Collaborating With the Community: The Extra-Territorial Translational Research Team
- 1. Institute for Translational Sciences, University of Texas Medical Branch-Galveston, Sociology and Director, Center for Social Inquiry, Texas State University, USA
- 2. Department of Preventive Medicine and Community Health, Community Engagement and Research Key Resource, Institute for Translational Sciences, University of Texas Medical Branch-Galveston, USA
- 3. Department of Pharmacology and Toxicology, Environmental Toxicology, Sealy Center for Environmental Health and Medicine, University of Texas Medical BranchGalveston, USA
- 4. 4 Environmental and Public Health Education & Engagement, Sealy Center for Environmental Health and Medicine; University of Texas Medical Branch-Galveston, USA
Abstract
The purpose of the present study is to suggest a revision of the team science concept to the more inclusive extra-territorial research team (ETRT). Translational thinking is largely marked by the perception of the team as a thing-like structure at the center of the scientific activity. Collaboration accordingly involves bringing external others (e.g., scientists, community members, and clinicians) into the team through limited or dependent participation. We suggest that a promising and innovative way to see the team is as an idea: a schema for assembling and managing relationships among otherwise disparateindividuals with vested interests in the problem at hand. Thus, the ETRT can be seen as a process as well as an object. We provide a case study derived from a qualitative analysis of the impact of the logic of translational science on a team assessment of environmental health following an off-coast oil disaster. The ETRT in question displayed the following principles of constructive relationshipmanagement: a high sense of adventure given the quick pace and timeliness given the relevance of the oil spill to all team members; regular meetings in the community to avoid the appearance of academic hegemony; open access by lay as well as institutional scientists; integration of emergency management coordinators into the group; and the languages of public health, environmental pharmacology/toxicology and coastal culture seamlessly interwoven in discussion. The ETRT model is an appropriate strategy for mobilizing and integrating the knowledge and skills needed for comprehensive science and service responses, especially during crisis.
Keywords
• Translational science
• Team science
• Symbolic interactionism
• SCI Café
• Community engagement
Citation
Kotarba JA, Croisant SA, Elferink C, Scott LE (2015) Collaborating With the Community: The Extra-Territorial Translational Research Team. J Transl Med Epidemiol 3(1): 1038.
ABBREVIATIONS
CBPR: Community-Based Participatory Research; CEKR: Community Engagement &Research Key Resource; CET: Center in Environmental Toxicology; CSW: Community Science Workshop; CTSA: Clinical and Translational Sciences Award; ETRT: Extra-Territorial Research Team; GC-HARMS: Gulf Coast Health Alliance: Health Risks Related to the Macondo Spill; KR: Research Key Resources; MTT: Multidisciplinary Translational Teams; SI: Symbolic Interactionism; UTMB: University of Texas Medical Branch
INTRODUCTION
The growth in science and engineering research conducted by teams has dramatically accelerated since 1975, making multi-university collaborations the fastest growing authorship structure [1]. This transition has been accelerated by the recognition that increasingly specialized scientific fields must develop collaborations to enhance creativity and accelerate the pace of discovery to address major societal health problems [2]. Research and intellectual property developed by highly functioning multidisciplinary research teams has greater impact in peer recognition through citations and patent uses than research products from siloed investigators [3]. As a result, major funding agencies are placing increasing emphasis on team science approaches in their funding portfolio. A notable example is the Clinical and Translational Sciences Award (CTSA), an initiative emerging from the NIH Roadmap, intended to stimulate the speed and effectiveness of scientific research. Numerous literature reviews have found that team science is becoming increasingly prominent [4].
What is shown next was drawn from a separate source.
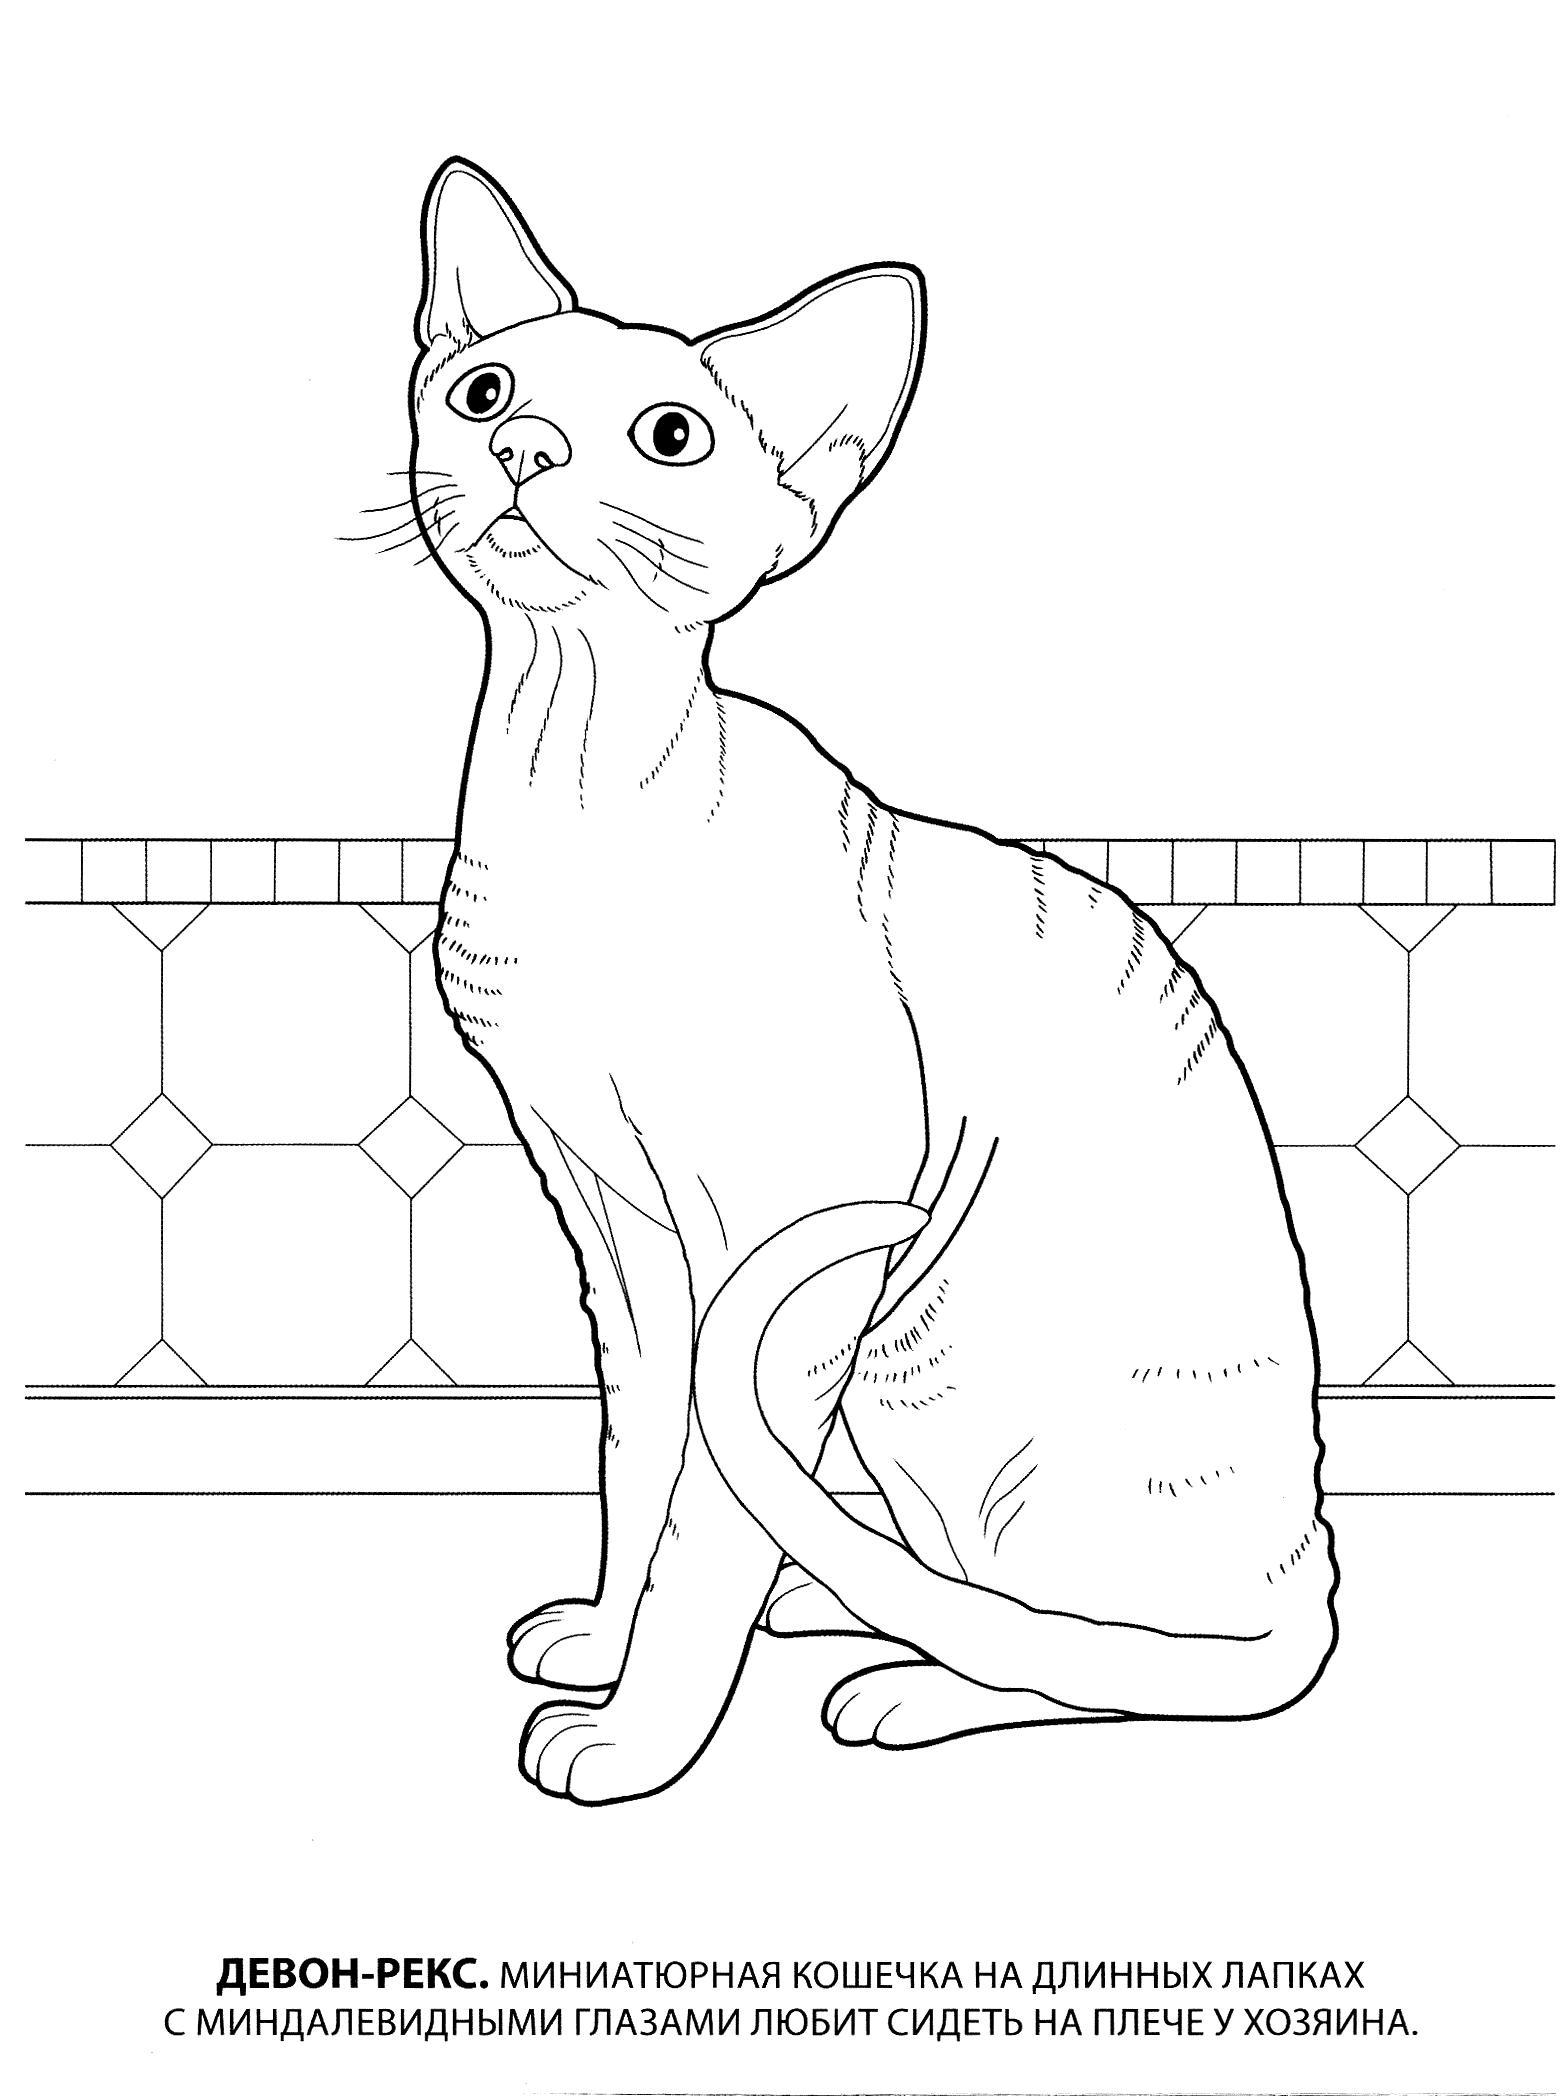 Раскраска девон рекс. раскраска породы кошек, картинки с кошками, изображения кошек, скачать разукраску, бесплатно, детский сайт

Bennett, Gadlin and Levine-Finleyprovide a generic definition of team science: “Team science has been described as a collaborative and often cross-disciplinary approach to scientific inquiry that draws researchers who otherwise work independently or as coinvestigators on smaller-scale projects into collaborative centers and groups [5].” The literature also includes definitions of teams according to a wide range of organizational/ structuralist dimensions, such as size, organizational complexity, geographic scope, funding, duration, leadership structure, team goals, etc [6]. The definitions or models of team science are very closely situated with or intended to inform strategies for evaluating team science. This makes good sense since team science has become a--if not the--primary mechanism for enacting translational science, the ultimate goal of which is to improve the scientific enterprise [7].
Thus, the general understanding in the literature on team science is that the team is a mechanism, an organizational structure at the center of the translational science enterprise. Accordingly, collaboration involves bringing external others (e.g., scientists, community members, and healers) into the team through conversion or limited participation. The team is identifiable by its structure, organizational location, and temporal location [8].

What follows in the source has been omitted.